What to work on:
Reproduce the whole listing below without its pictures, exactly as written.

Information supplied below:

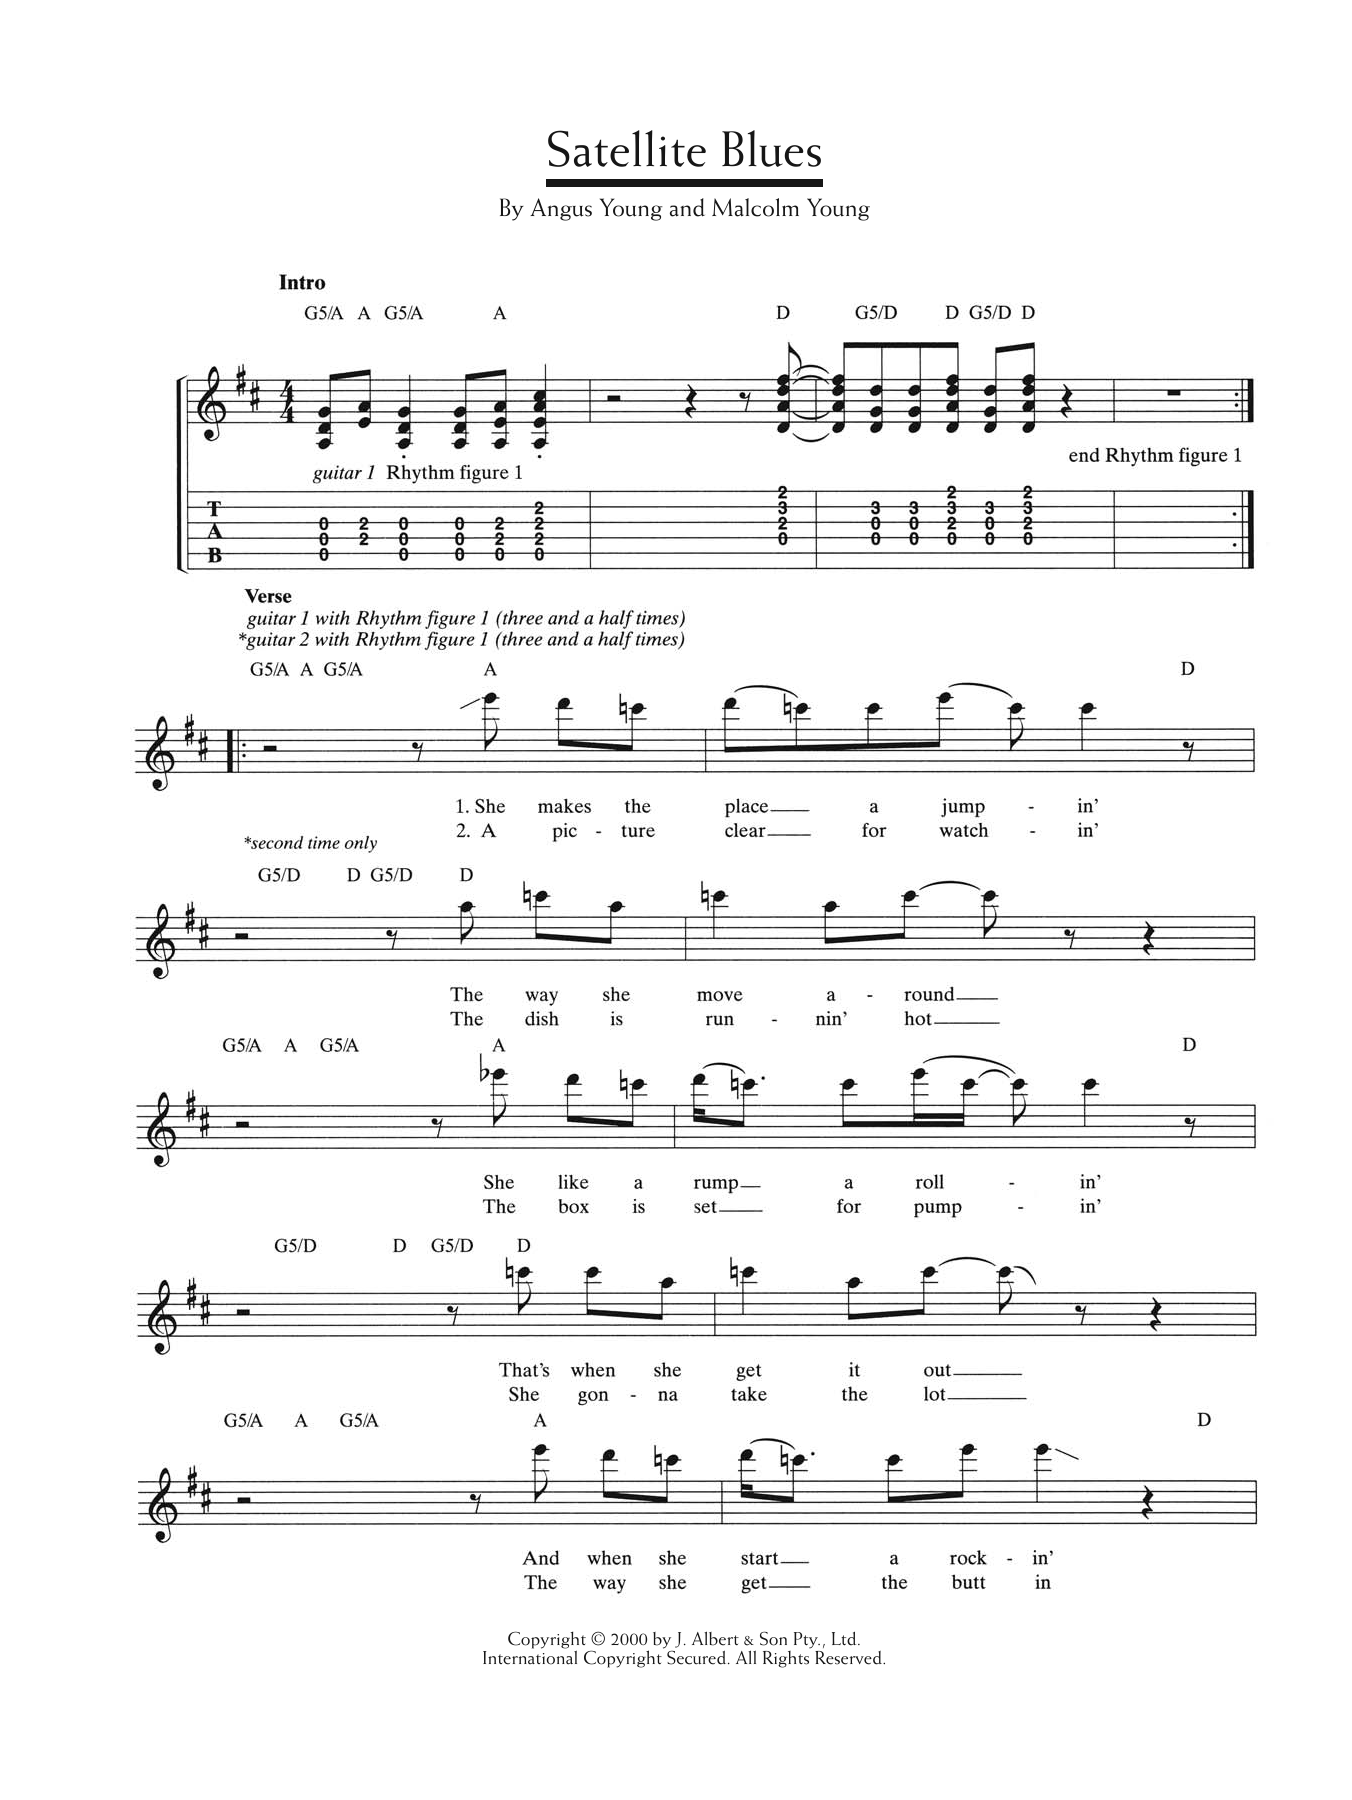 AC/DC Satellite Blues Sheet Music Notes & Chords for Lyrics & Chords - Download or Print PDF
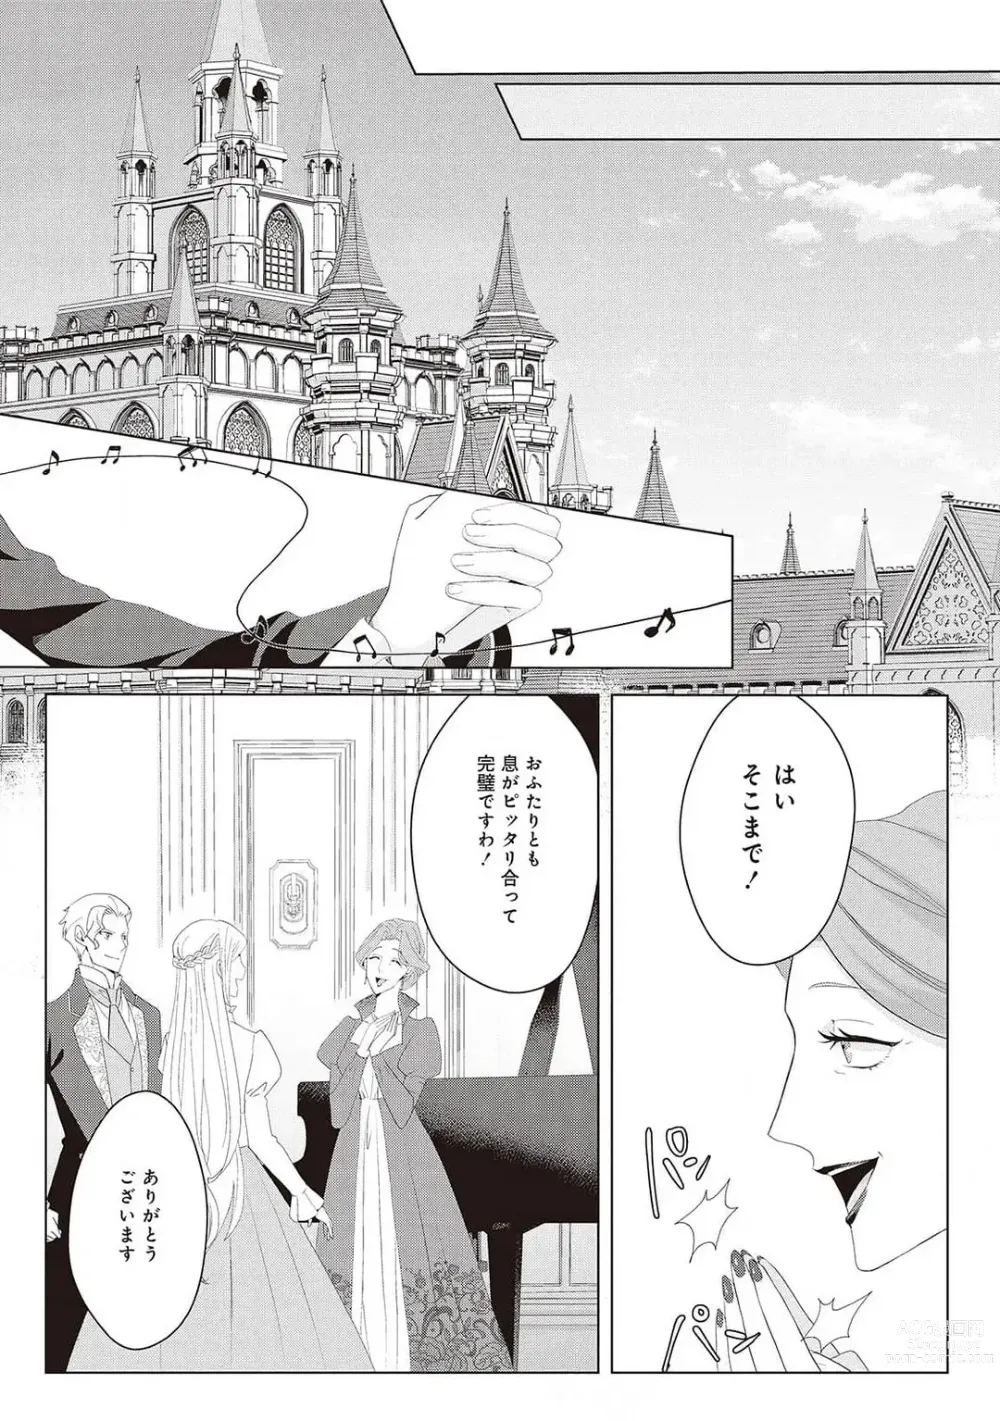 Page 419 of manga 悪役令嬢に転生したけど、破局したはずのカタブツ王太子に溺愛されてます！？ 1-18
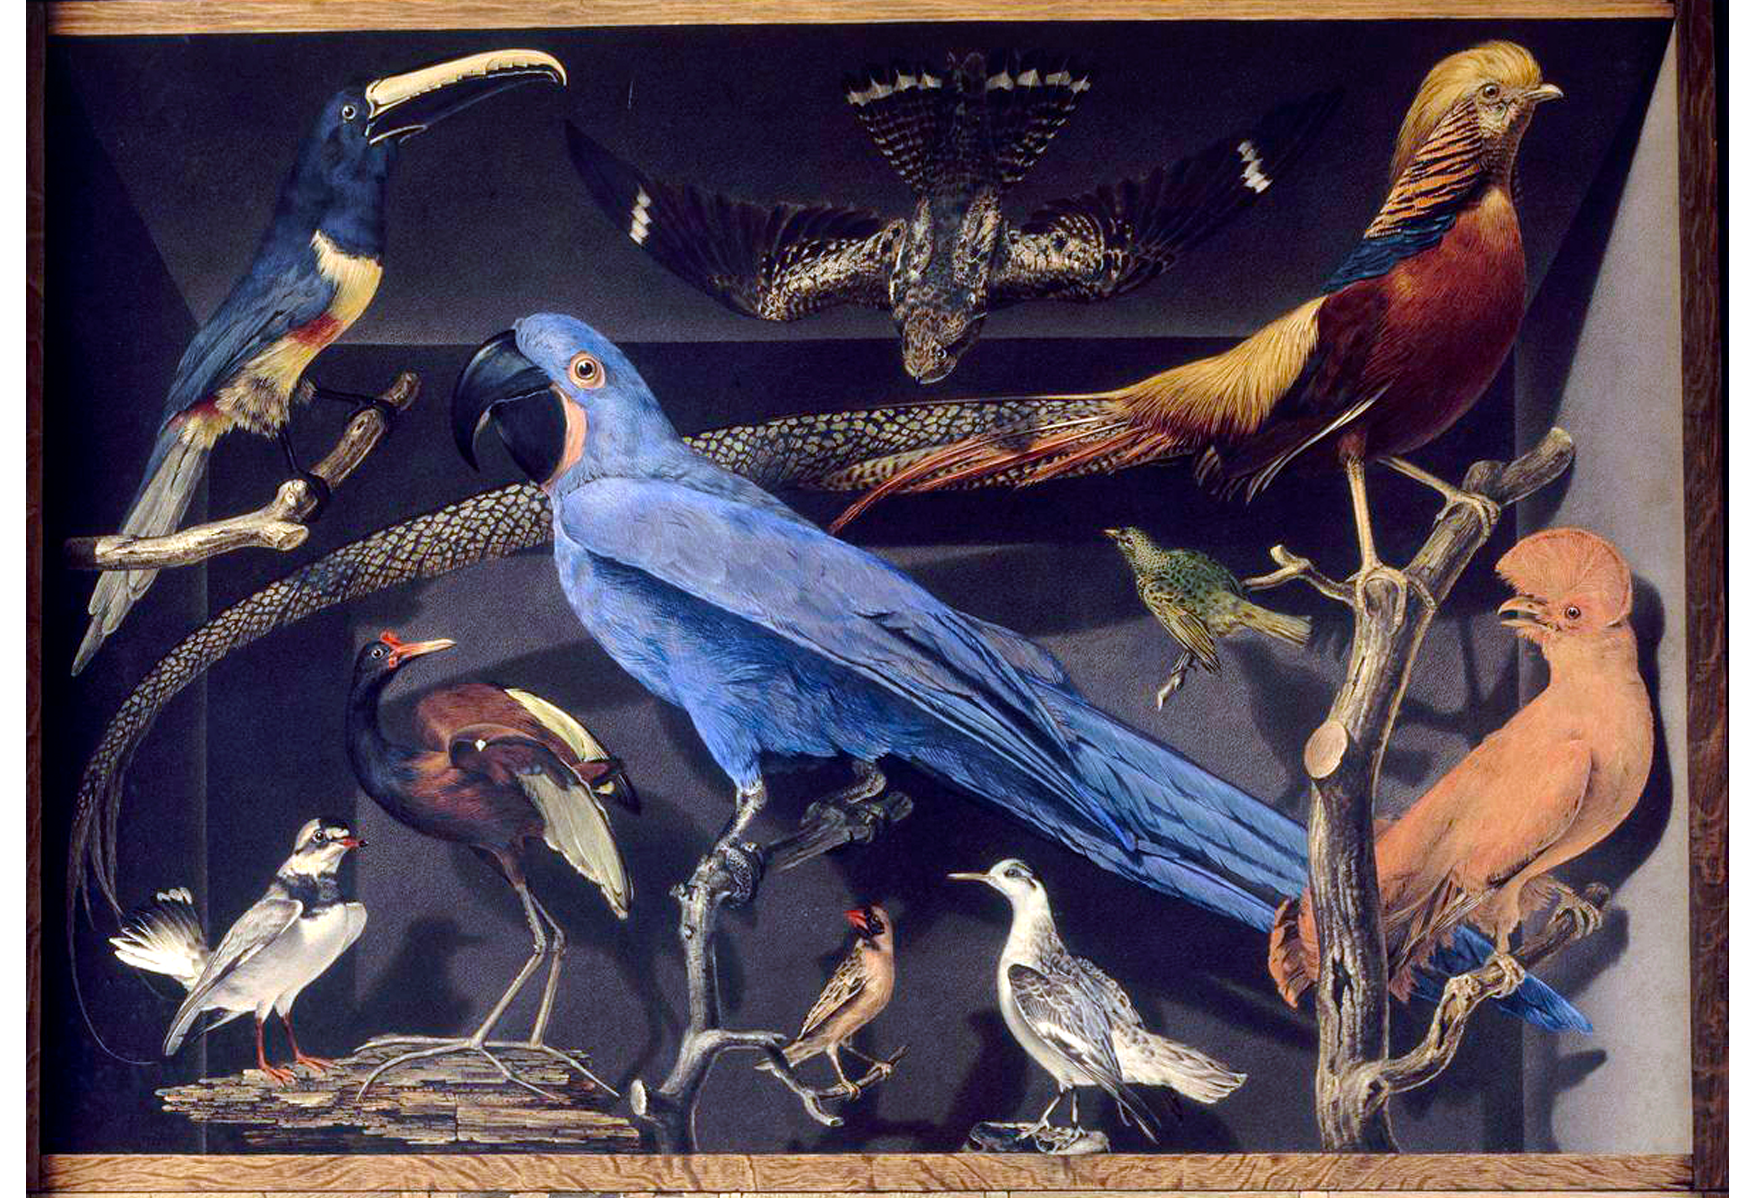 Billede: Samling af fremmede fugle, Leroy de Barde  (1777-1828), Louvre Museum

End of Information supplied.

Response area:
 AC/DC Satellite Blues Sheet Music Notes & Chords for Lyrics & Chords - Download or Print PDF
 Page 419 of manga 悪役令嬢に転生したけど、破局したはずのカタブツ王太子に溺愛されてます！？ 1-18
 Billede: Samling af fremmede fugle, Leroy de Barde  (1777-1828), Louvre Museum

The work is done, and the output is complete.